Very nice guitar, great work. Did you do something to the fretboard? Normally I'm not a big rosewood fretboard fan, but that board looks darker, nicer than most.


----------



## Jason_Clement (Oct 3, 2012)

I want a guitar just like this. Where'd you get the body?


----------



## Uno Mas (Oct 3, 2012)

Amazing! Now if only Ibanez would make this and give you credit.


----------



## Zoosadist (Oct 3, 2012)

Your guitar... is F-CKIN' AWESOME.


----------



## kflem (Oct 3, 2012)

That is undeniably cool


----------



## kruneh (Oct 4, 2012)

What an awesome finish, I love it.
Always thought the Iceman was a cool shape, and it looks so good in mahogany.
Great choice of pickup covers too.


----------



## requiemsoup (Oct 4, 2012)

Oh god yes. I. Fucking. Love. Icemans. 

Lucky duck.


----------



## implicit (Oct 4, 2012)

fuck me... so unbelievably jelly, i love the iceman body shape. that thing is beautiful man, HNGD.


----------



## jarnozz (Oct 4, 2012)

this came out amazing! almost makes me want one xD
HNGD


----------



## Oddkid (Oct 5, 2012)

That looks awesome! I want to make a 7 string destroyer if i can.

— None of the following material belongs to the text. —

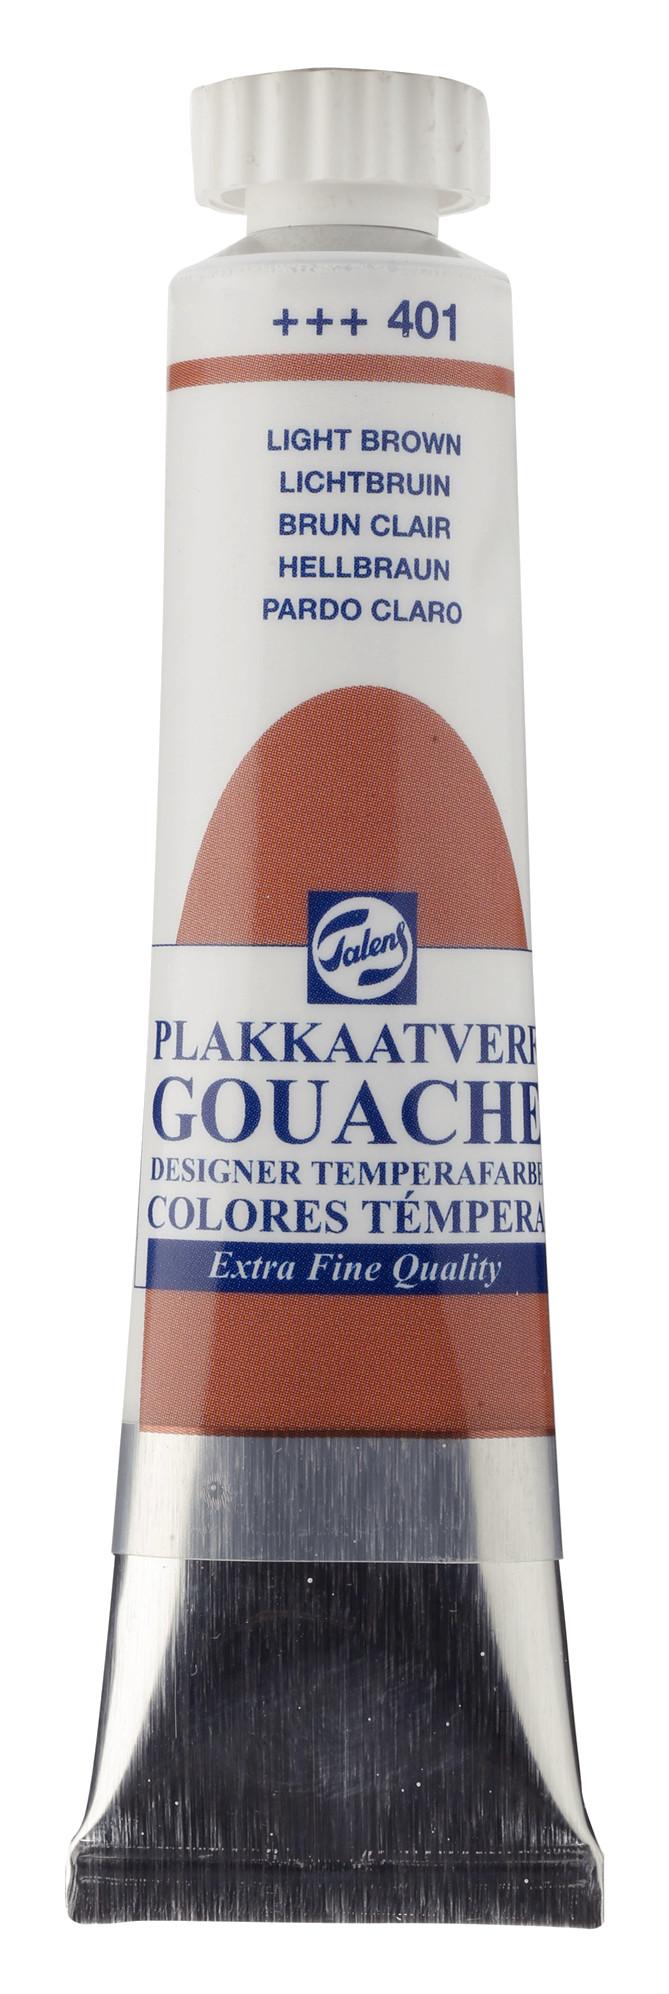 Gouache Extra Fine Quality Tube 20 ml Light Brown 401

Where did you get the neck from?


----------



## Jontain (Oct 5, 2012)

Nice man, really nice. I especially like the carving around the horn!


----------



## AbsentCurtis (Oct 5, 2012)

holy damn that is pure sex!


----------



## Wings of Obsidian (Oct 5, 2012)

Love your work, bro! But this is THE BEST BY FAR!!!!!


----------



## Jakke (Oct 5, 2012)

I came in expecting a rape scene



Solid guitar man, came out awesome


----------



## TGN (Oct 6, 2012)

Amazing looking!


----------



## Black_Sheep (Oct 6, 2012)

That is incredible. And i bet she plays well too. (?) 

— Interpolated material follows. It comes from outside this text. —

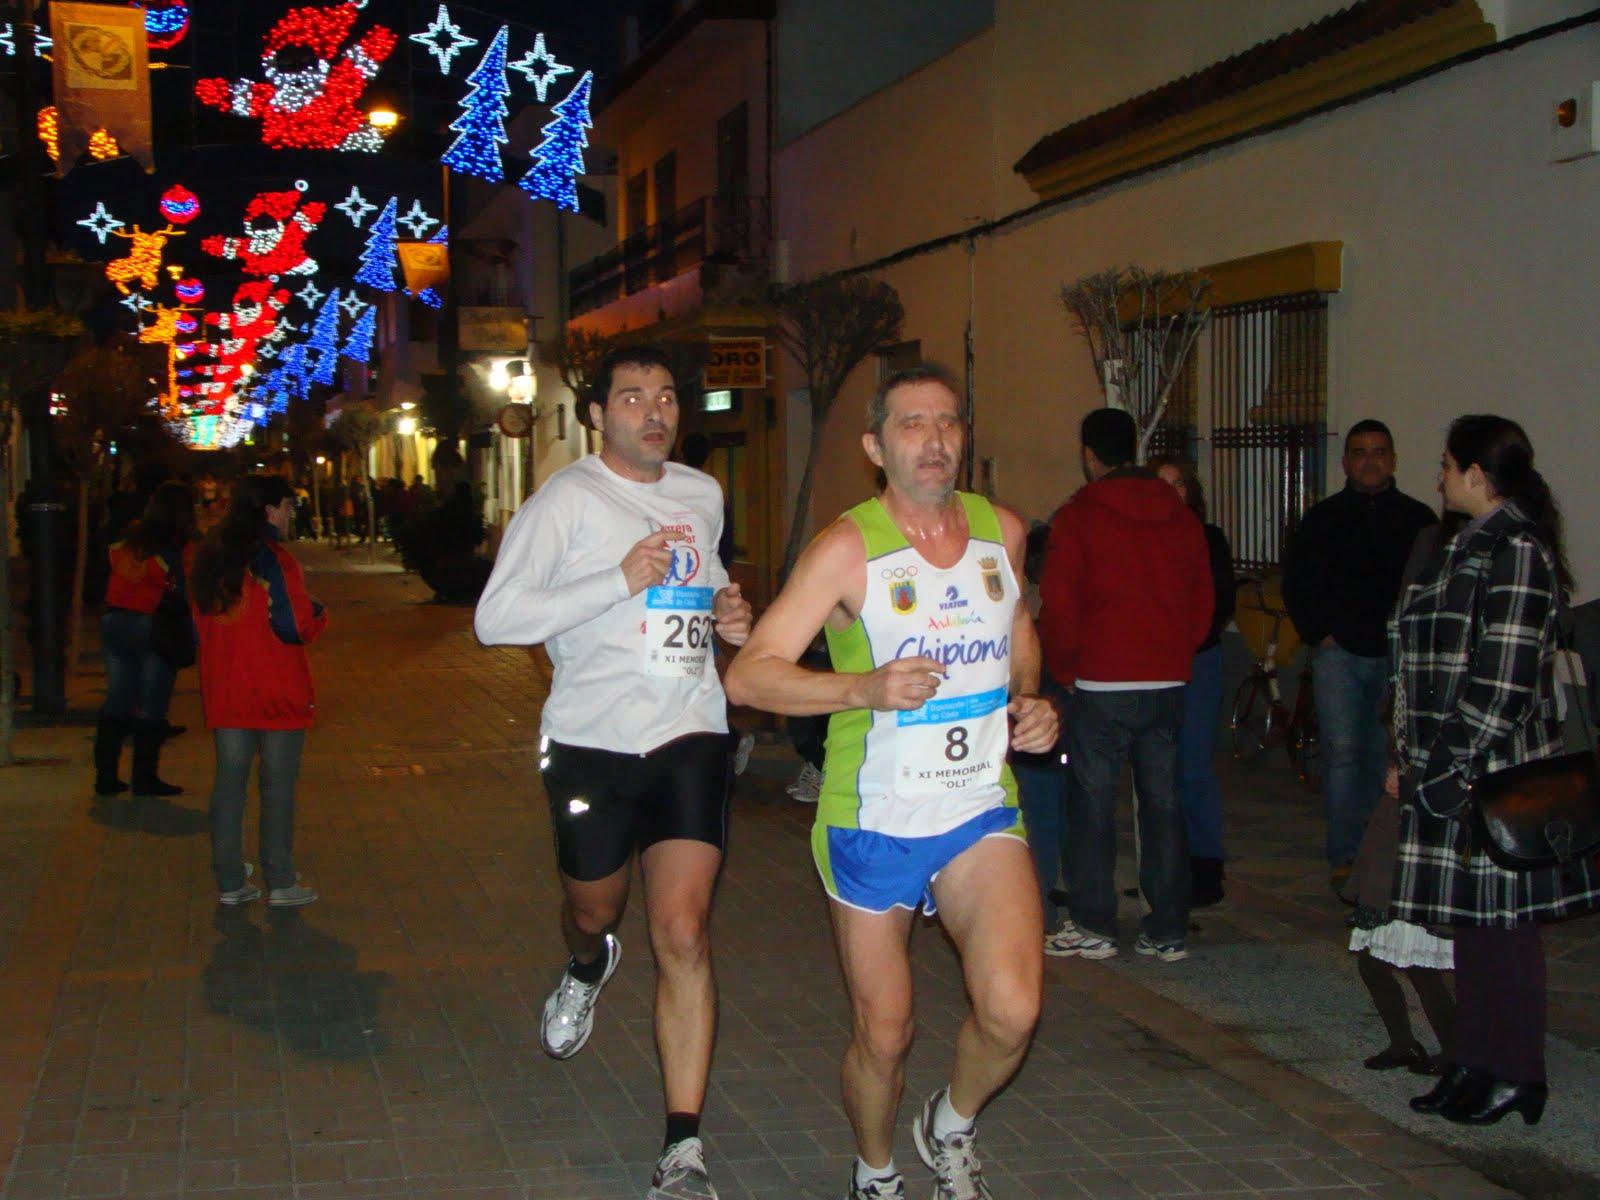 Club atletismo chipiona celebramos la xvii carrera - Sakura el puerto de santa maria ...

Now we just have to convince Ibanez to make that a production model  ..Prestige series maybe. I would buy one as soon as possible.


----------



## Mordecai (Oct 6, 2012)

i was looking at perle bodies on ebay, would a 7321 neck fit one of them?


----------



## sear (Oct 6, 2012)

The Iceman is one of the most underrated guitar shapes out there. They just look cool, like nothing else (maybe a Les Paul's angrier brother?) and the black stain on that wood grain is just awesome. You did a sweet job with yours.


----------



## jawbreaker (Oct 7, 2012)

My boner... It will not go away!! HNGD!!!


----------



## jake7doyle (Oct 7, 2012)

that looks incredible man, by far the best iceman ive ever seen. HNGD!


----------



## Rain (Oct 8, 2012)

^I agree. Easily the sexiest Iceman EVER!


----------



## cult-leader-of-djent (Oct 9, 2012)

Soooo much want !


----------



## iRaiseTheDead (Oct 9, 2012)

I'm a fan of the finish.


----------



## 27duuude (Oct 9, 2012)

A-fucking-mazing. I've always loved the iceman shape ever since I saw darren from System of a Down play one.

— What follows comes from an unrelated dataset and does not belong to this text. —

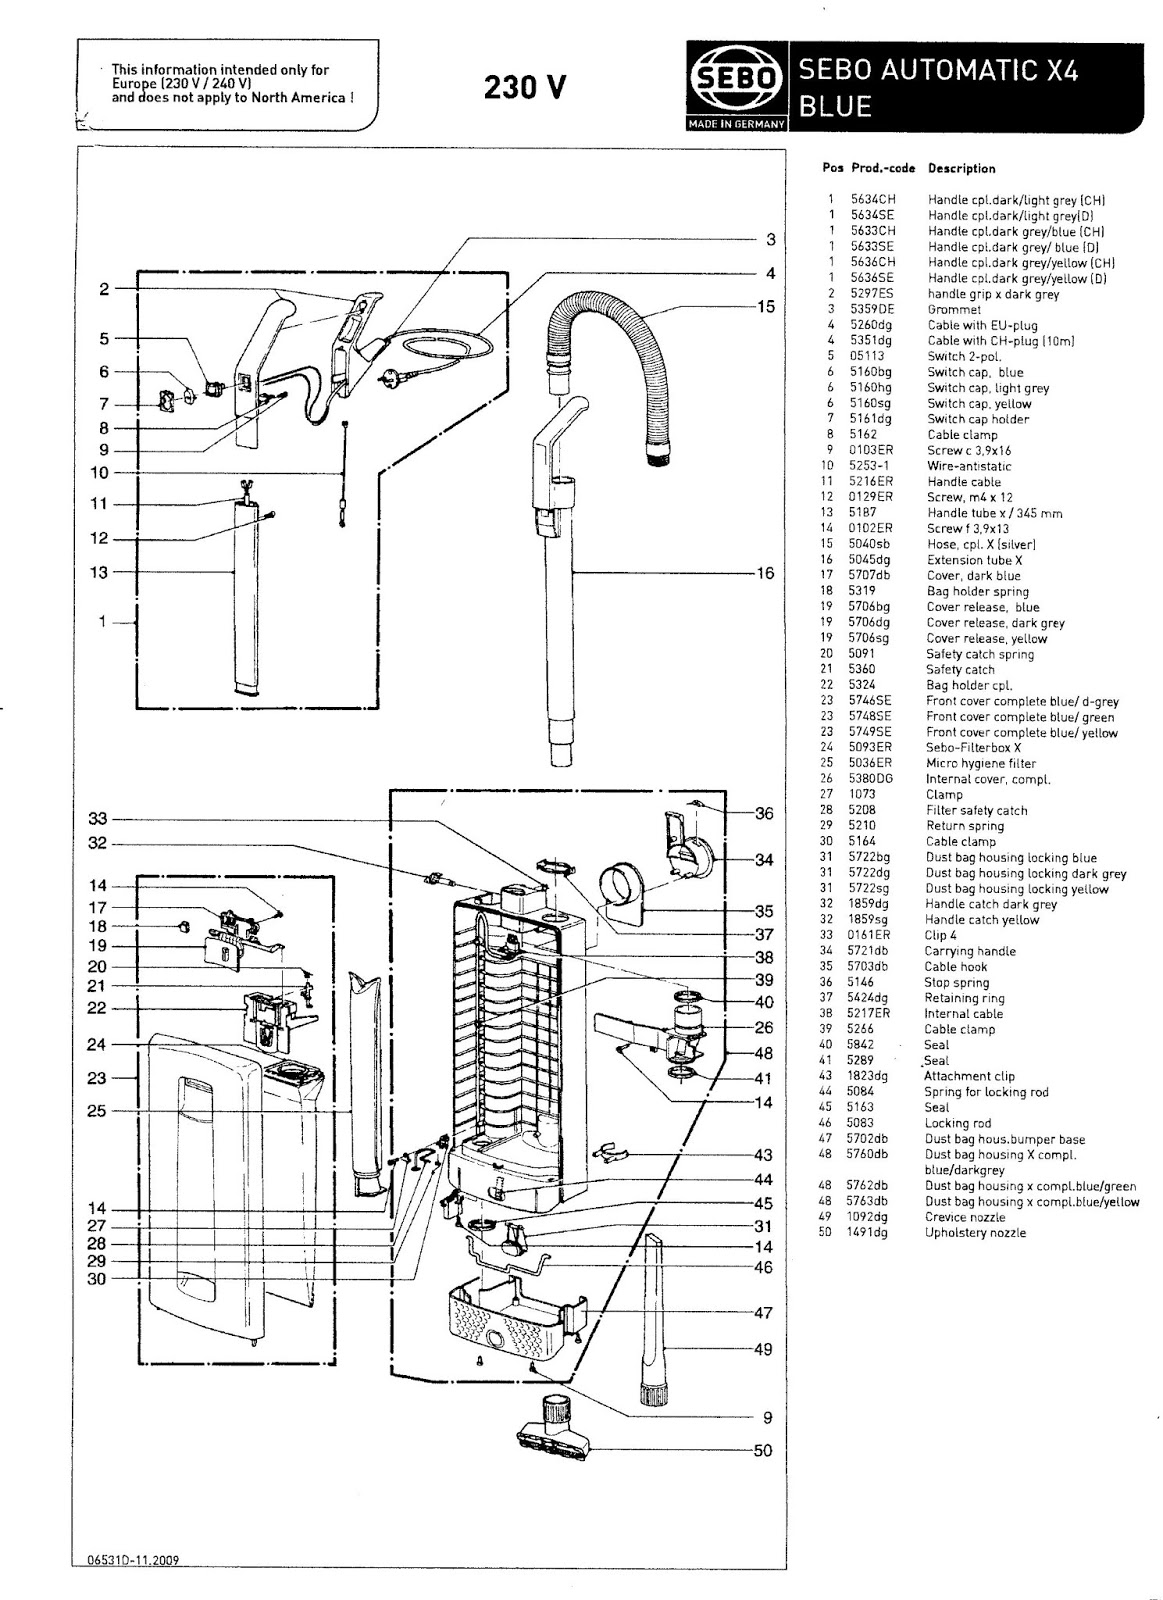 Sebo Automatic X4 Parts Manual Exploded Diagram

I do have one question, how are you going to deal with the neck dive?


----------



## metallic1 (Oct 11, 2012)

thats by far the nicest iceman iv ever seen., iv never really been a fan of them, but iv changed my mind. exellent work dude


----------



## Valnob (Oct 12, 2012)

Oh my God !!!!!!! This iceman looks so good !

I remember when I first saw the Iceman of Daron Malakian (the custom painted fluo, not the signature limited), I had the same "GOSH !"


----------



## Da Butt Bandit (Apr 26, 2016)

Where did you find the neck?


----------



## Da Butt Bandit (Apr 26, 2016)

any RG im pretty sure


----------



## DeathChord (Apr 26, 2016)

Awesome, you really nailed it on this! HNGD


----------



## Rev2010 (Apr 26, 2016)

Da Butt Bandit said:


> any RG im pretty sure



Nice 4 year old necrobump just so you can ask a question then answer it yourself  

Just FYI, you can always PM (private message) someone on here if you want to ask the person a question. Better chance of reply than them seeing a reply in their 4 year old thread and it avoids people that don't take the time to look posting Happy NGD's.


Rev.


----------



## Chokey Chicken (Apr 27, 2016)

Wasn't there a build thread for this that also got necro'd?

Fwiw, its a beautiful guitar.


----------



## awake69 (Apr 27, 2016)

That is straight up awesome! Well done!!!


----------